Steve
Siedział w aucie przed szkołą już od dobrych paru godzin. Tak jak poleciła mu Hill, obserwował budynek i czekał. Co jakiś czas sięgał po szarą teczkę, która leżała obok niego na siedzeniu pasażera. Lia Johnson była ładna i nikt nie mógł powiedzieć, że nie. Miała brązowe włosy, które sięgały jej niemal do pasa. Do tego zielone oczy i okulary w ciemnych oprawkach. Była smukła i inteligentna, co wynikało z jej ocen. Jednak inna rzecz zaciekawiła Kapitana. Wszystkie zdjęciach jakie otrzymał od Marii były zamazane i nie można było dokładnie zobaczyć twarzy Johnson. Jedyne co było pewnym to to, że dziewczyna z pewnością miała coś wspólnego z nieżyjącym już Mattem.
Steve podniósł wzrok, kiedy do jego uszu dobiegł dźwięk dzwonka szkolnego, a przed liceum wylał się tłum nastolatków.

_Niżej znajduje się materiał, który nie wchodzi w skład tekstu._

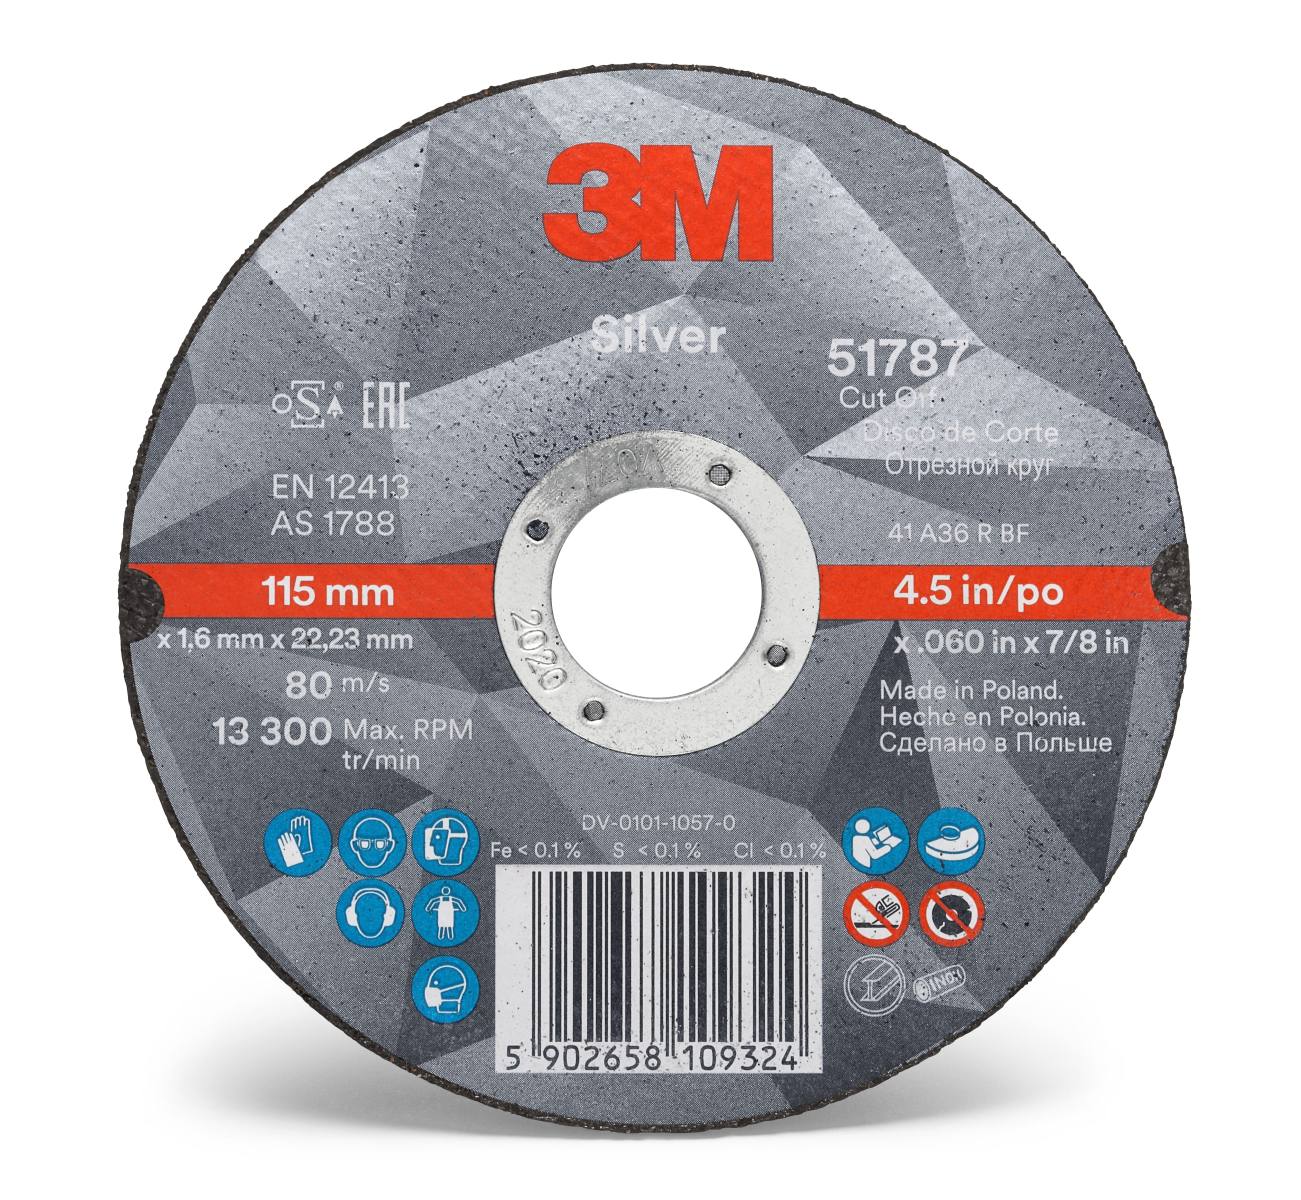 3M Silver Cut-Off Wheel Disque à tronçonner, 105 mm, 1,0 mm, 10 mm, T41, 51777

Lia uczęszczała do najstarszej klasy, miała skończyć w tym roku dziewiętnaście lat, ale z akt wynikało, że opuściła jeden rok nauki. Rogers dostrzegł ją dopiero kiedy przekroczyła płot, który okalał cały budynek. Pomimo że temperatura dochodziła niemal do trzydziestu stopni to i tak Johnson miała na sobie grubą bluzę. Tylko czemu? Co masz do ukrycia dziewczyno?
Kapitan wyciągnął przygotowany przez Hill aparat i zrobił kilka zdjęć. Następnie sięgnął po telefon i wybrał odpowiedni numer.- Widzę ją. Właśnie wyszła przed szkolę.
- Dobrze. - w słuchawce słyszał spokojny głos Marii. - Z tego co wiem idzie teraz do jednej z kawiarni.
Kapitan zaśmiał się. Czasem wręcz nie mógł sobie wyobrazić skąd była agentka bierze te wszystkie informacje.
- Podam ci jej adres.
- Chcesz, żebym przeszukiwał jej mieszkanie? - tej części pracy nie lubił najbardziej.
- Tak. Jeśli ta dziewczyna ma coś wspólnego z Mattem to wiesz, że nie możemy odpuścić.
Po kilku minutach Maria przysłała mu adres, a Steve szybko odpalił samochód i pojechał.
***
Mieszkanie było małe i skromne. Poza łóżkiem, szafą i kilkoma meblami w łazience i kuchni nie było nic. Kapitan pospiesznie przeszukiwał wszystkie możliwe zakamarki, ale jak narazie nic nie znalazł. Kuchnia wydawała się czysta, tak samo jak łazienka. Cały czas miał kontakt z Hill, która rozmawiała z nim przez słuchawkę.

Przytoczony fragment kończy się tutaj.